Because of anisotropy even if the performance envelopes are equivalent in some cases one will allow reaching better results than another, and even when a performance envelope is overall better than another, it may still deliver worse results in some cases where the other has an advantage for which it is specialized.

Performance envelope profiles and their anisotropy are particularly important for computer system performance, because that anisotropy is likely to be significant. To begin with computer systems are designed for anisotropy: they are usually not very good at running, digging, or philosophy compared to human beings, but are much better at storing data and repetitive calculations over masses of data.

Thus computer engineers have found that many computer applications are specialized and benefit from anisotropy, and sometimes these applications are benchmarks which matter for sales even if they are unrepresentative of common uses precisely because they are too anisotropic.

Anisotropy of performance envelopes is particularly common in storage systems, because it seems quite difficult to build storage systems that are fairly good in most respects, but easier to build them so that they be very good at some aspect and quite bad at others.

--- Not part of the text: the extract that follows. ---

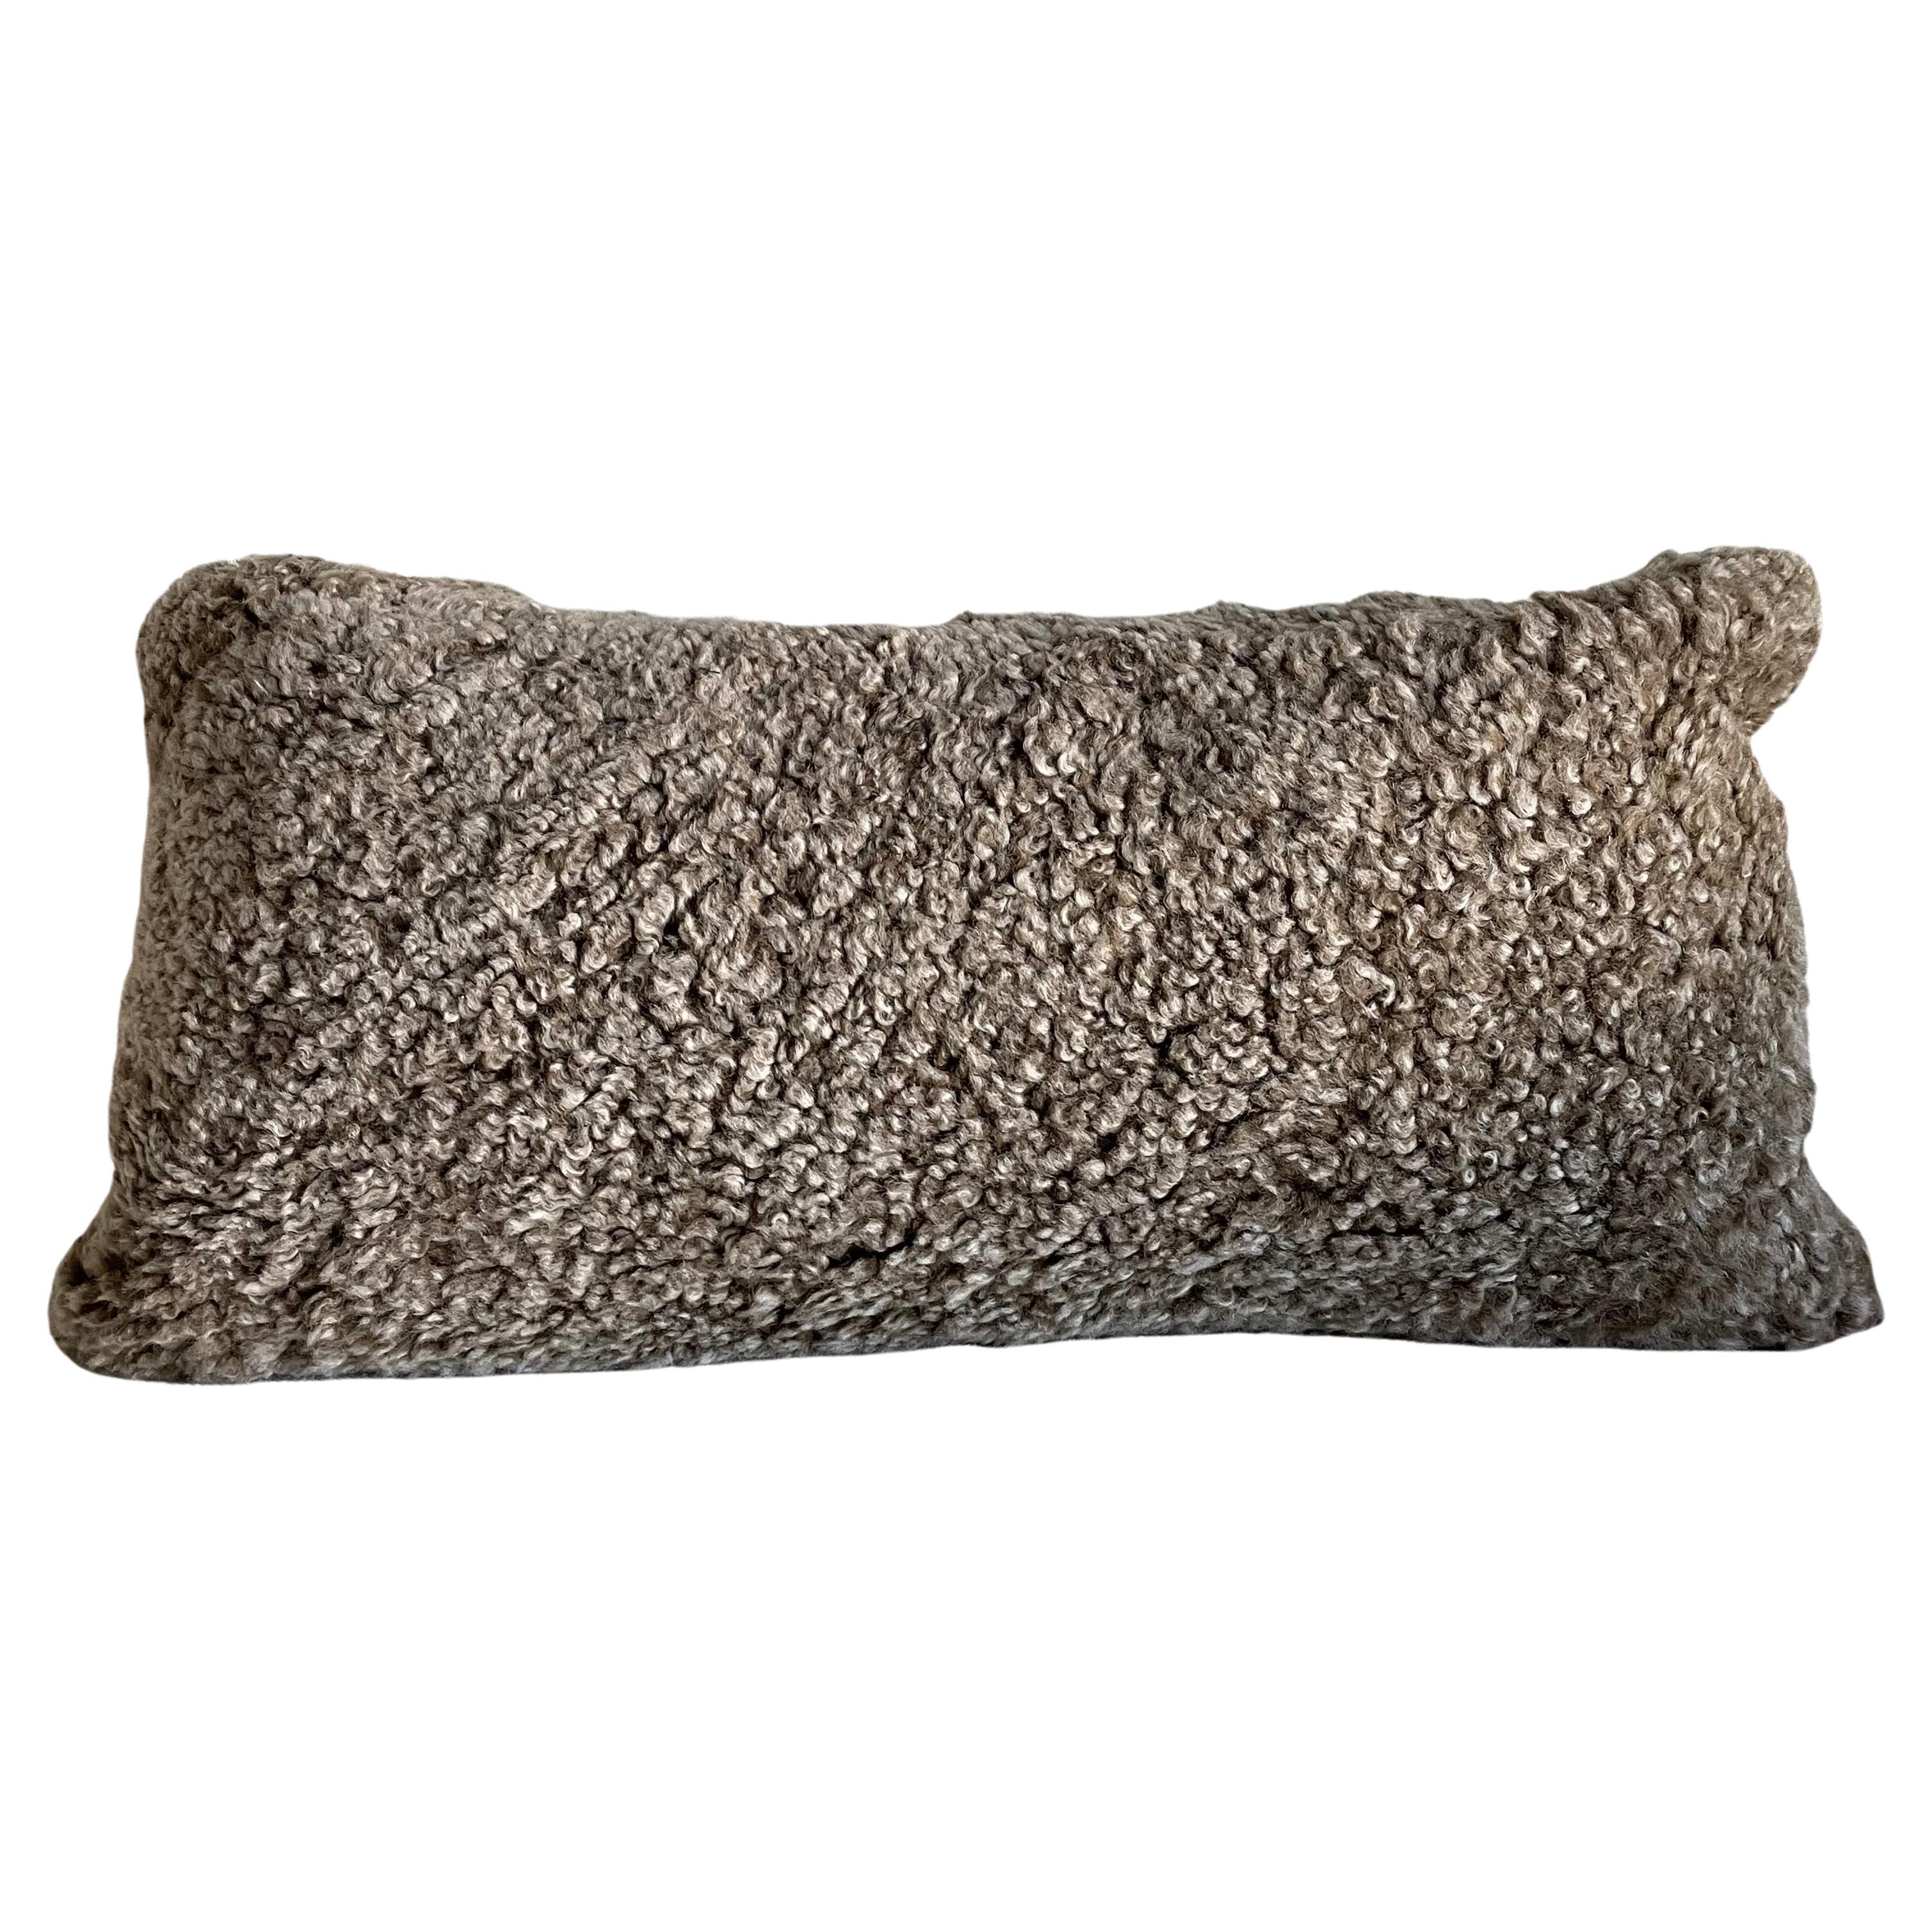 Custom Curly Shearling Lumbar Pillow in Mink Color For Sale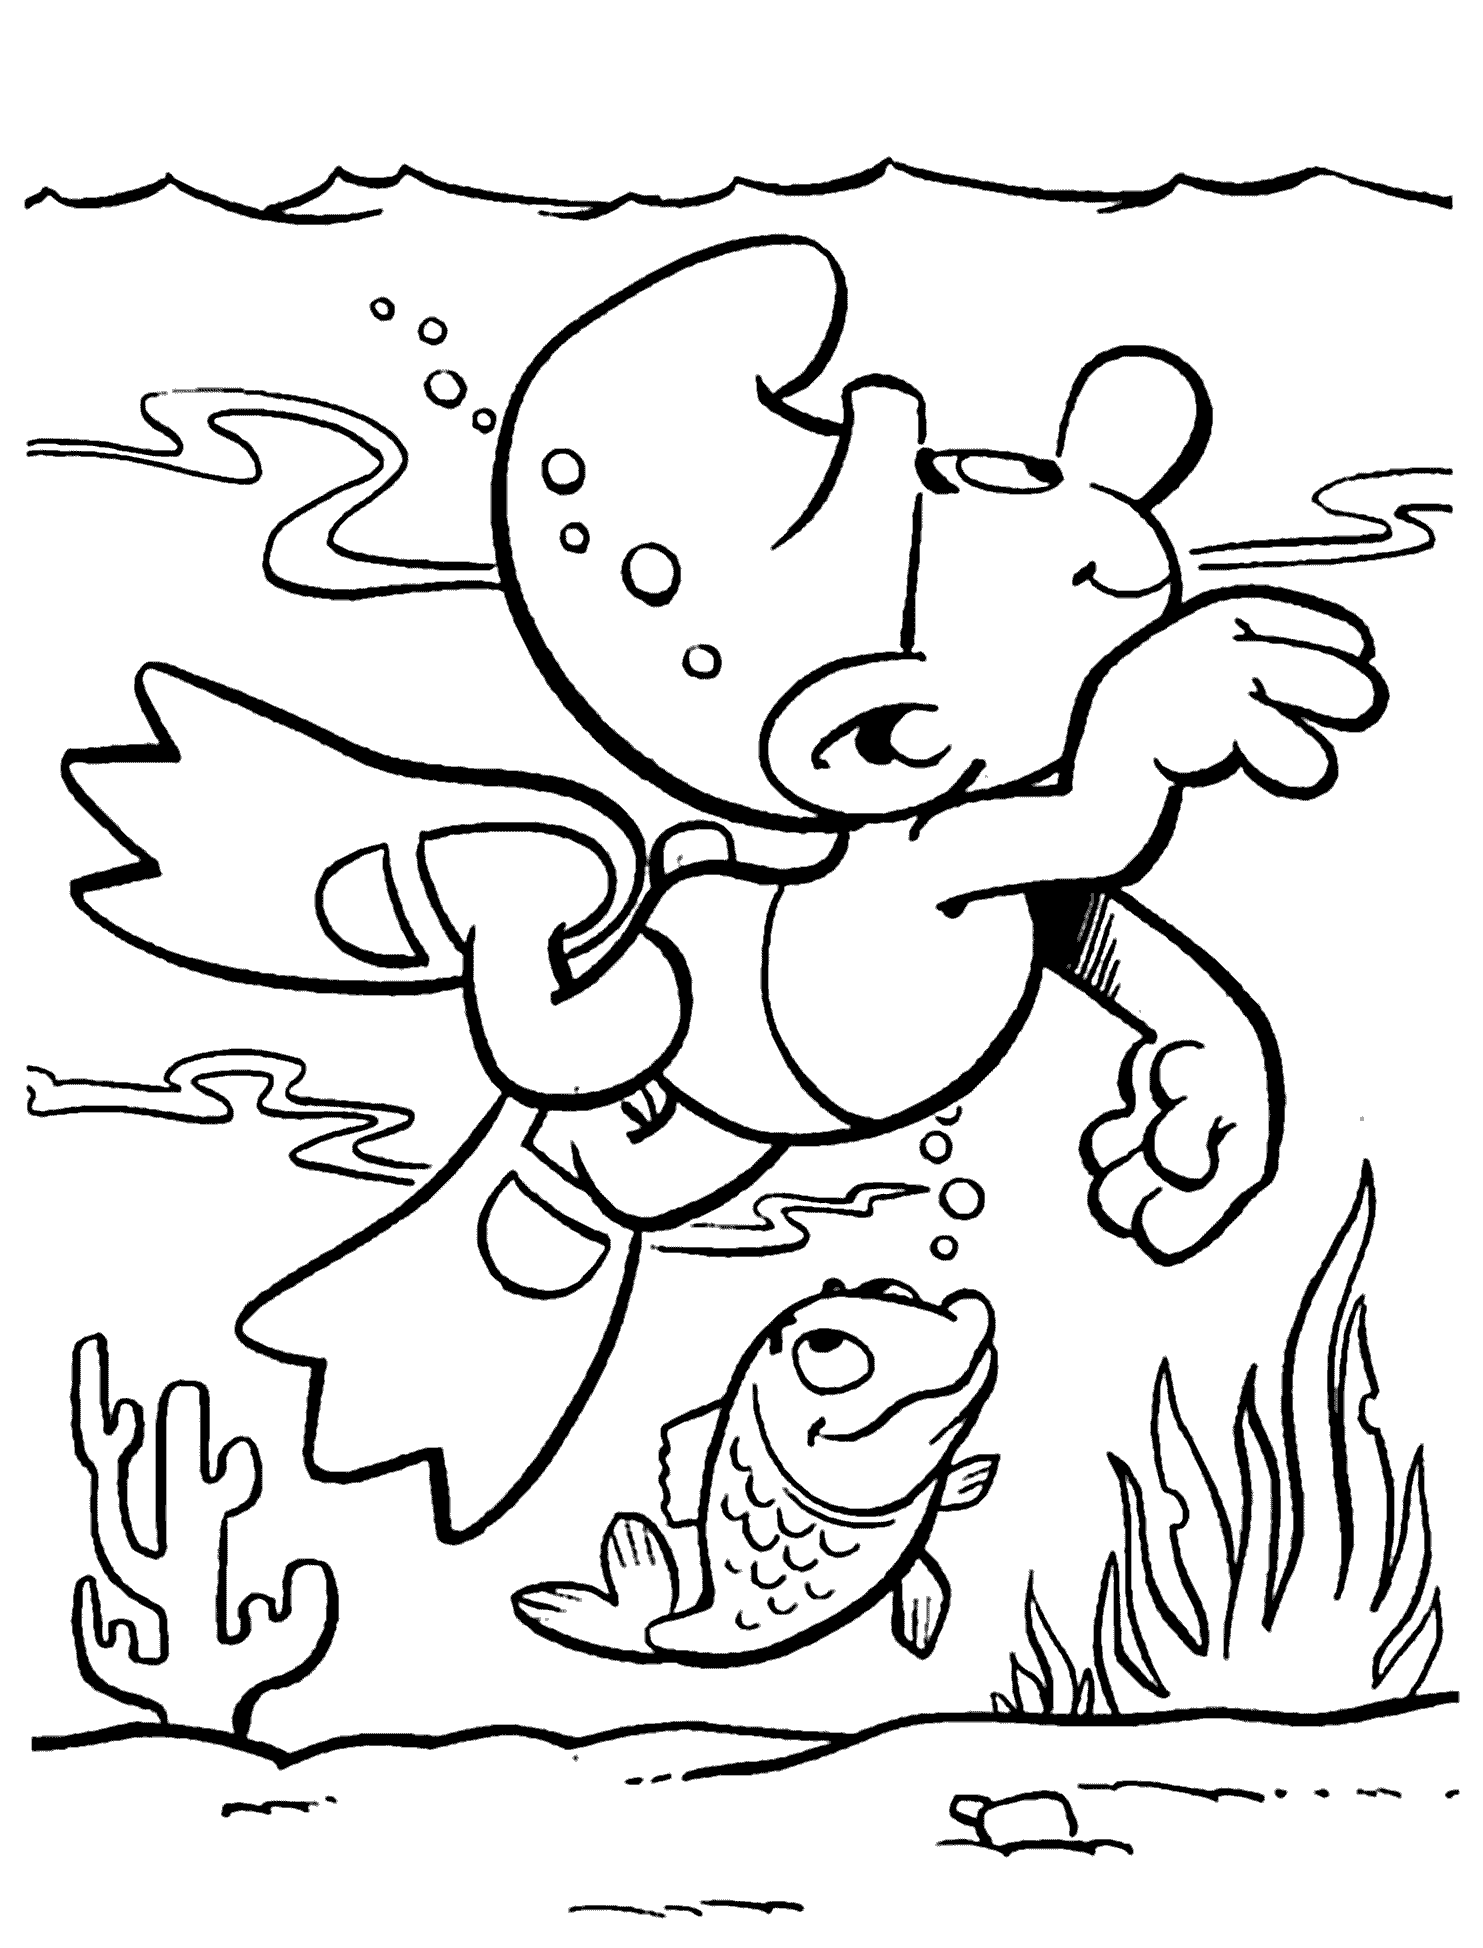 smurf pictures the smurf coloring pages for kids printable free pictures smurf

Storage systems performance anisotropy may be inevitable because they are more or less necessarily based on the replication of multiple identical components, which have anisotropic performance envelopes themselves, and that are connected in parallel in some ways and in serial in others.

For example in disk systems the components are magnetic tracks; there is a single arm with multiple read-write heads, and the organization in concentric cylinders means that all the tracks on a cylinder can be read almost (because of single channel electronics) in parallel, but access to tracks in other cylinders can only be expensively serialized by moving the disk arm.

So a simple metric like speed is not very useful as to evalutating the general value of a computer component, and it is not performance. Unfortunately performance is not a simplistic figure of merit but an often anisotropic volyme of possible tradeoffs, and it takes considerable skill to profile it, and judgement to evaluate it with respect to potential applications.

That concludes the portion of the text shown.